## WHAT YOU SHOULD DO
Reproduce the listing that follows in full. Omit its images.

## DATA BLOCK
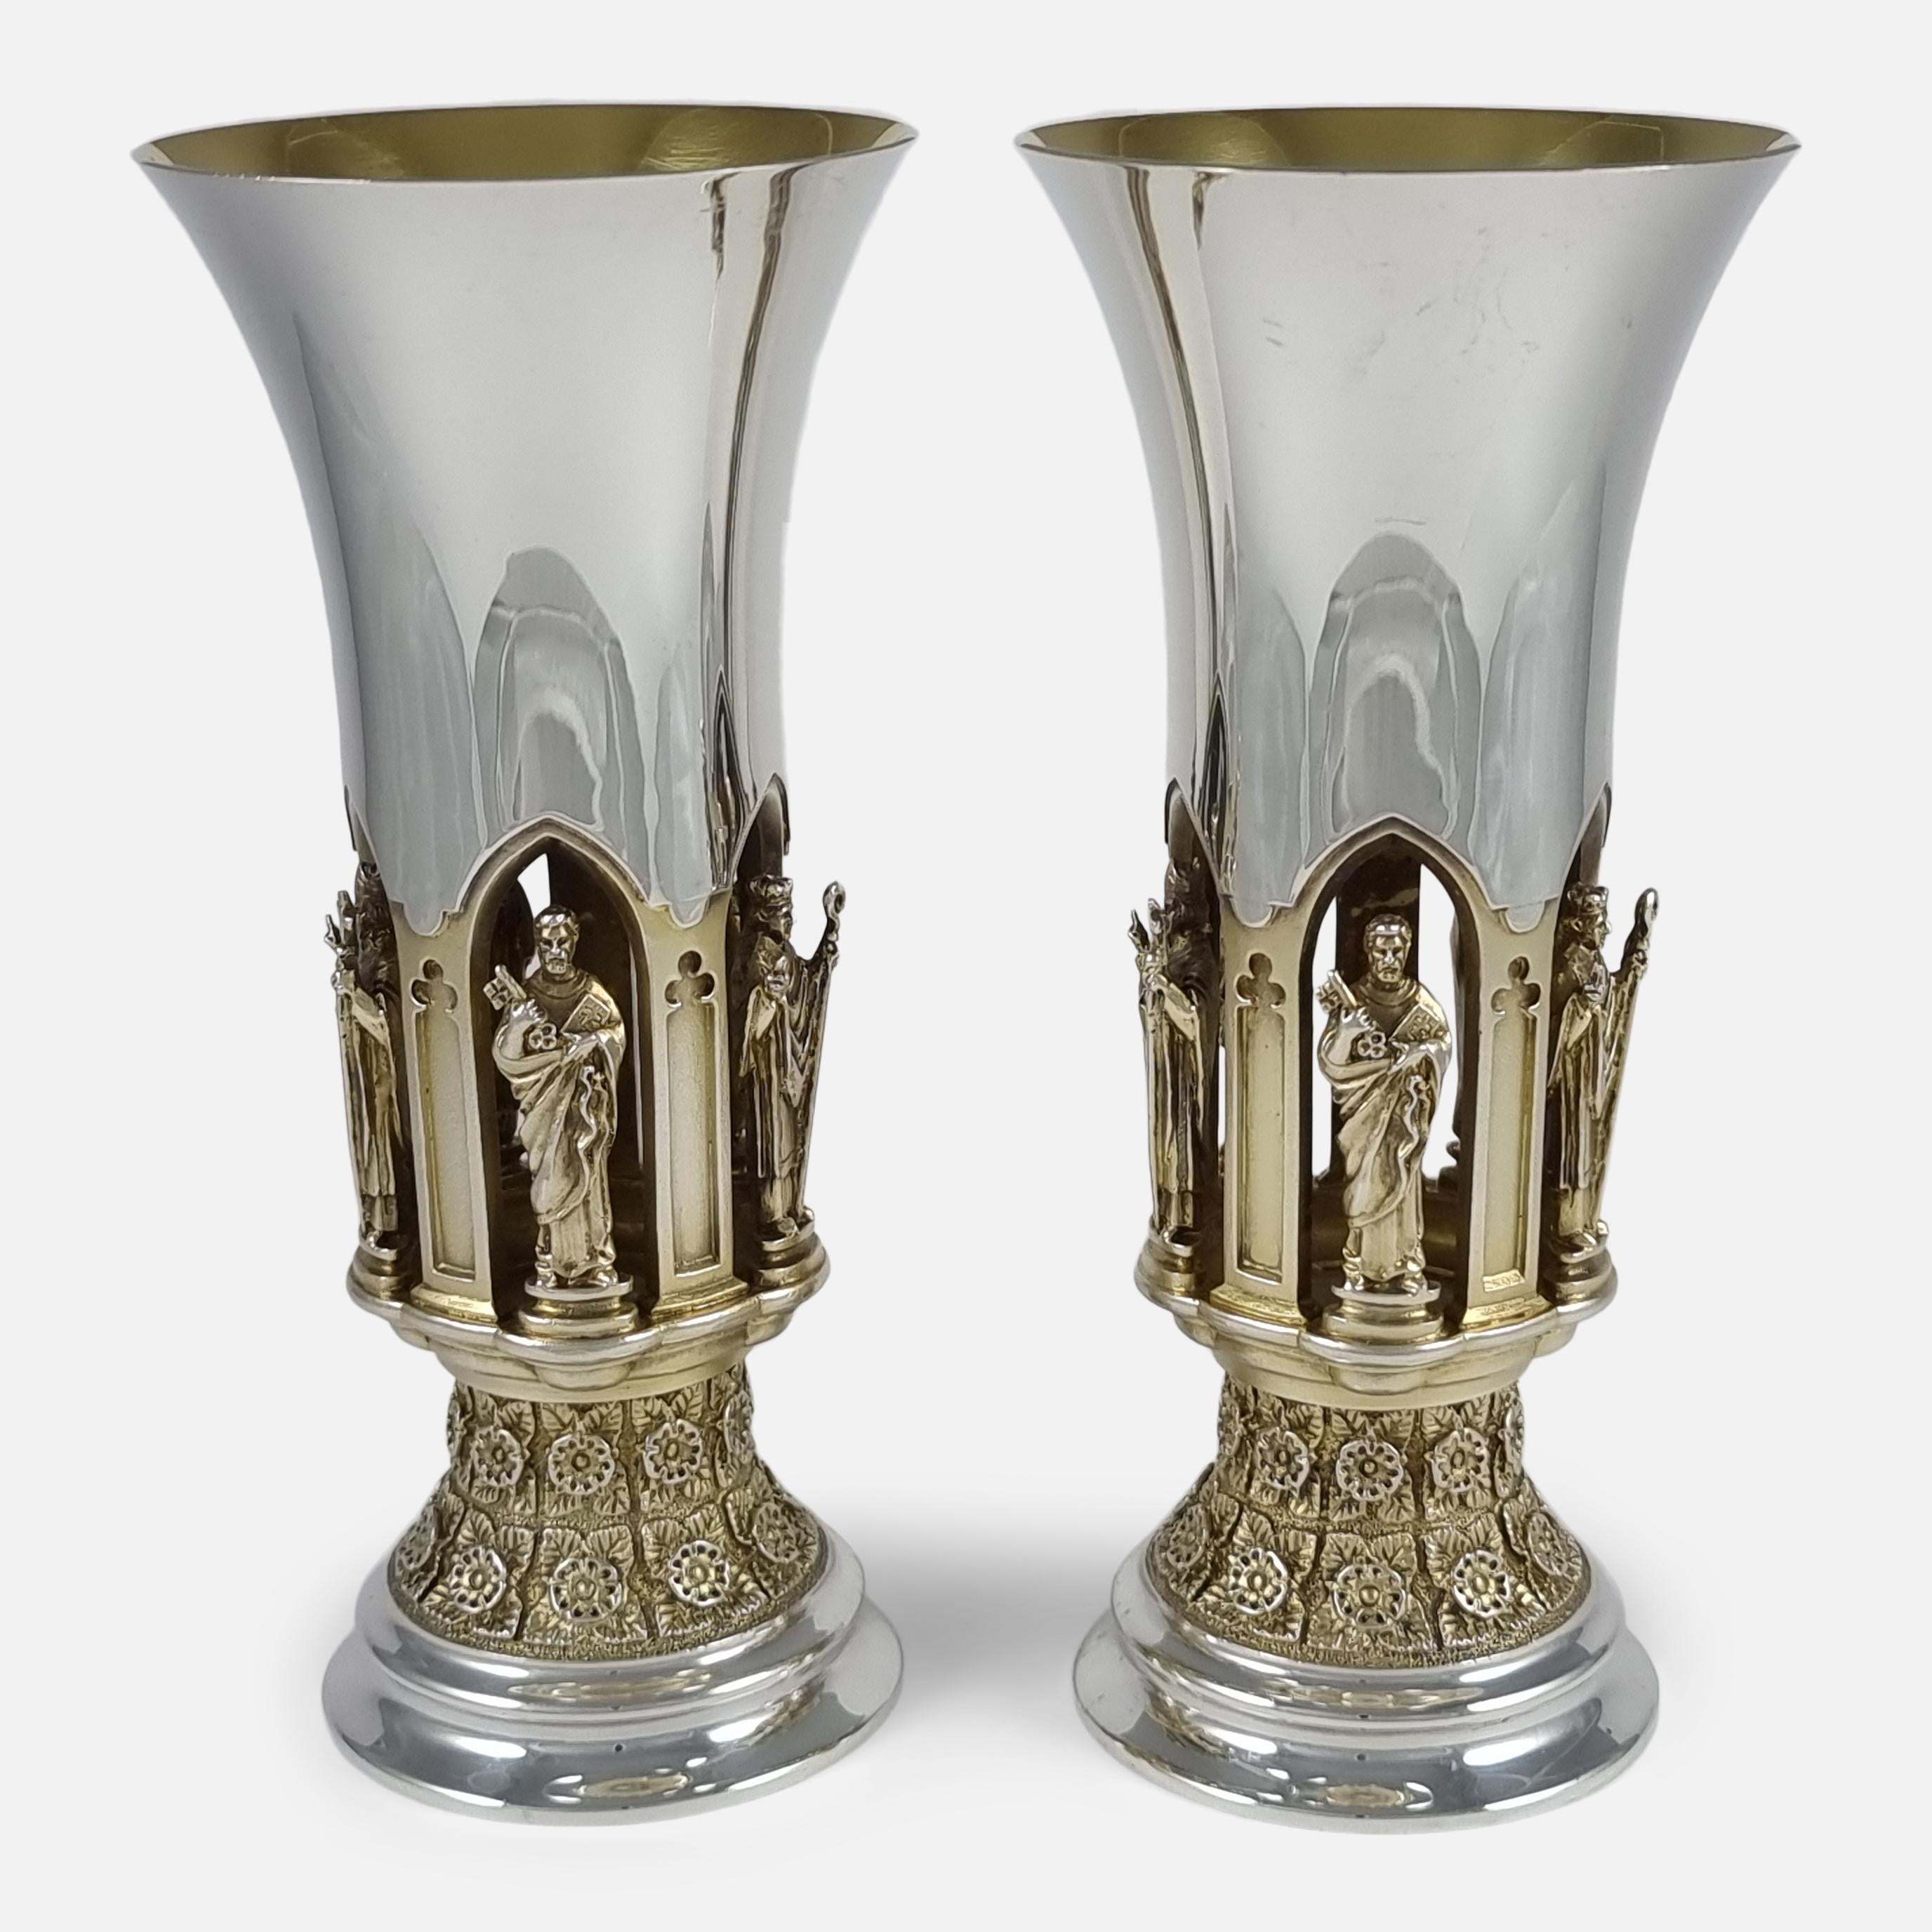 Modern Pair of Aurum Silver Gilt 'Ripon Diocese Foundation' Goblets by Hector Miller
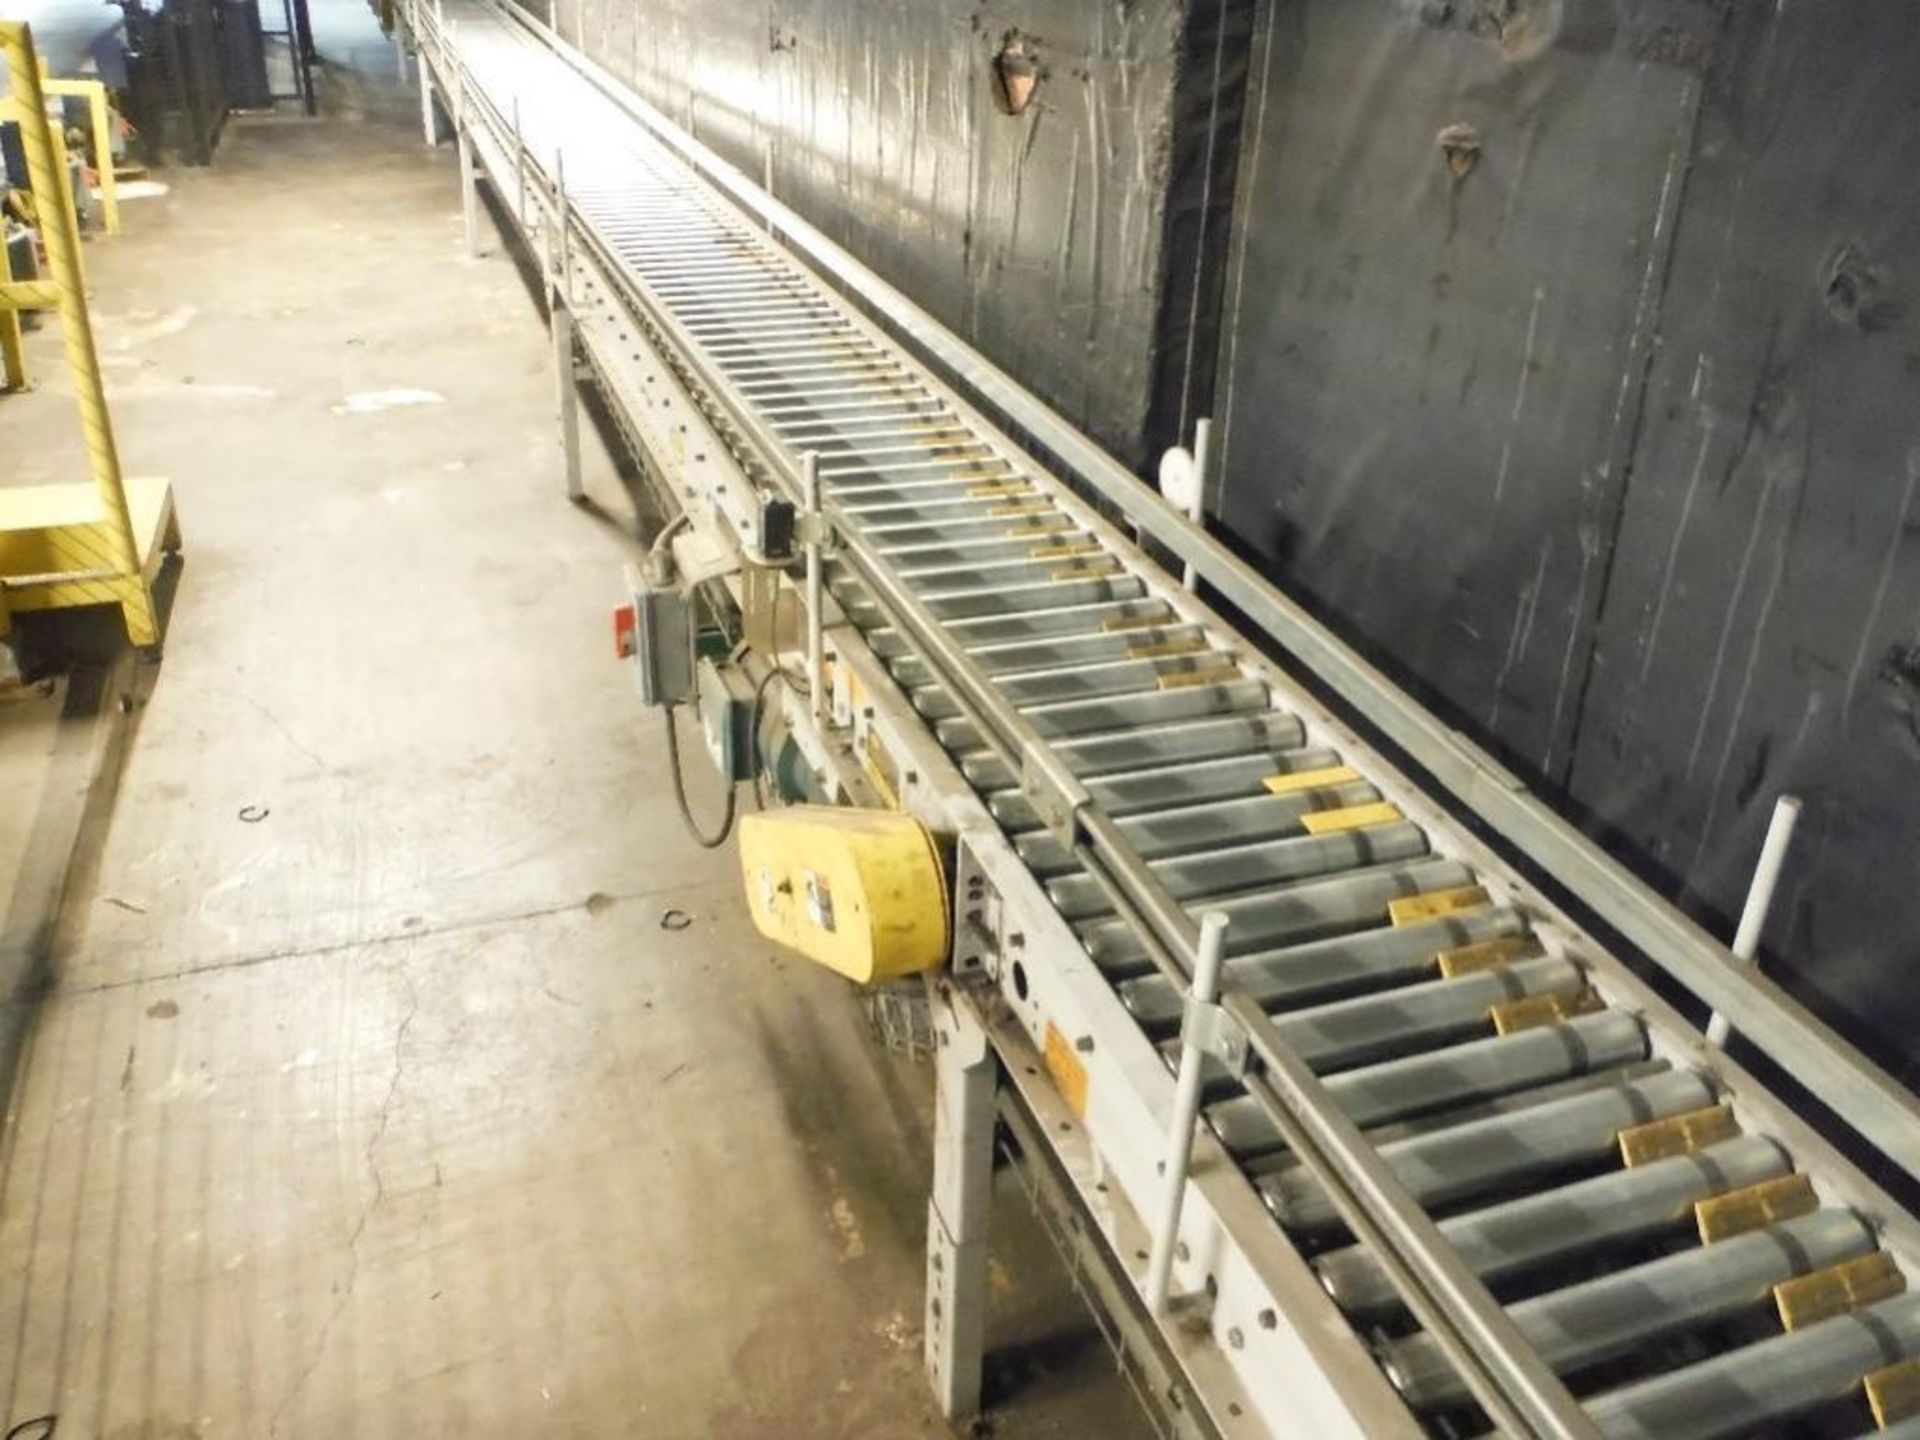 Hytrol powered roller conveyor, 80 ft. L x 15 in. W x 30 in. H, 3 drives. - RIGGING FEE FOR DOMESTIC - Image 4 of 6
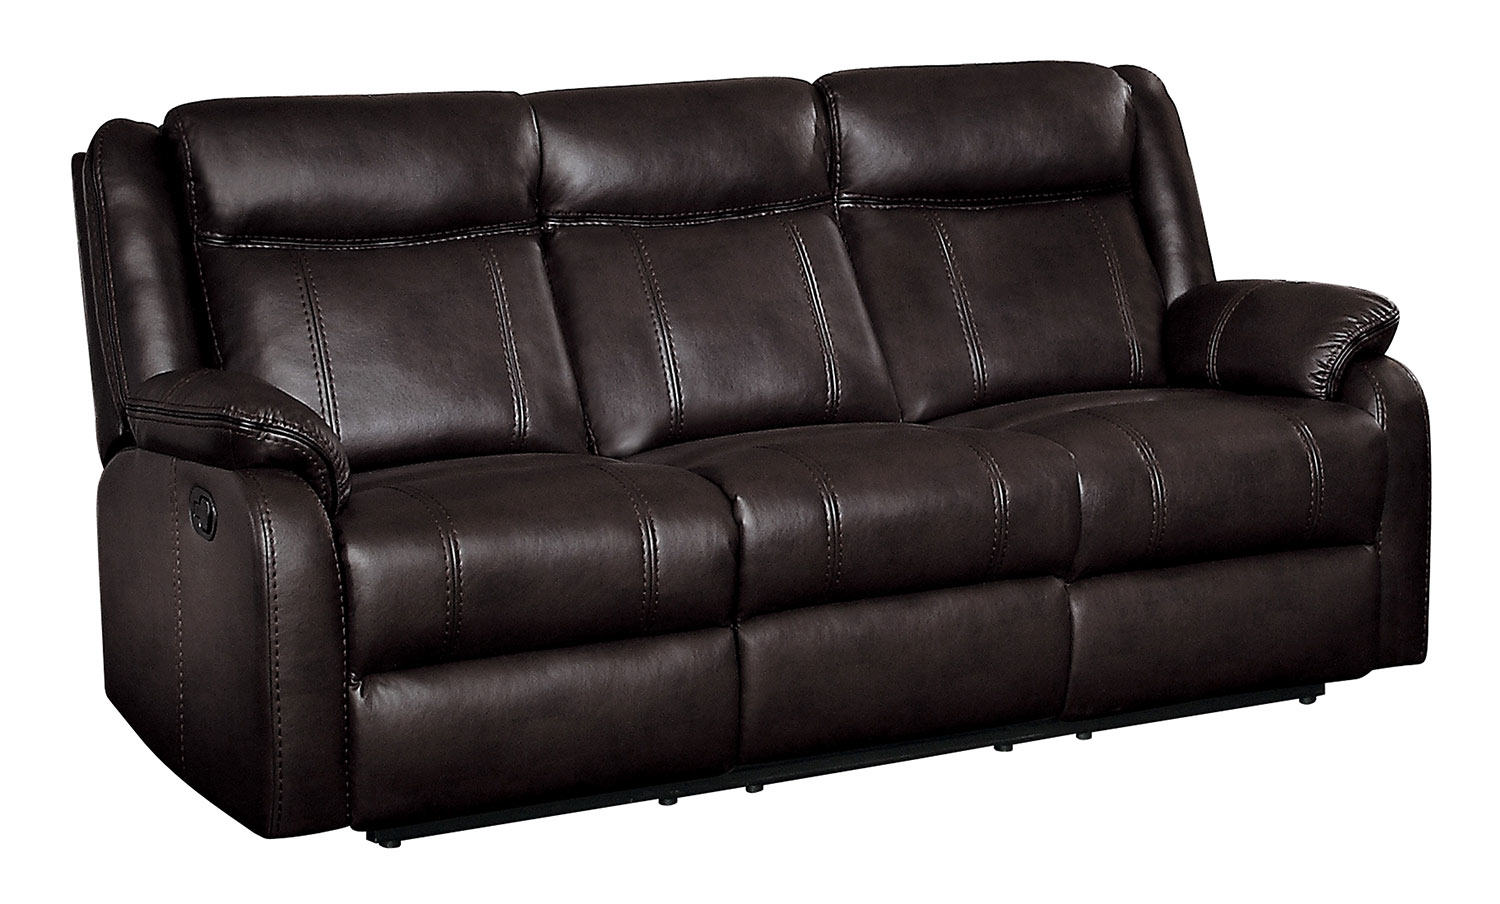 Homelegance Jude Double Reclining Sofa with Drop-Down Table - Dark Brown Leather Gel Match

## WRITTEN REPLY
 Modern Pair of Aurum Silver Gilt 'Ripon Diocese Foundation' Goblets by Hector Miller
 Hytrol powered roller conveyor, 80 ft. L x 15 in. W x 30 in. H, 3 drives. - RIGGING FEE FOR DOMESTIC - Image 4 of 6
 Homelegance Jude Double Reclining Sofa with Drop-Down Table - Dark Brown Leather Gel Match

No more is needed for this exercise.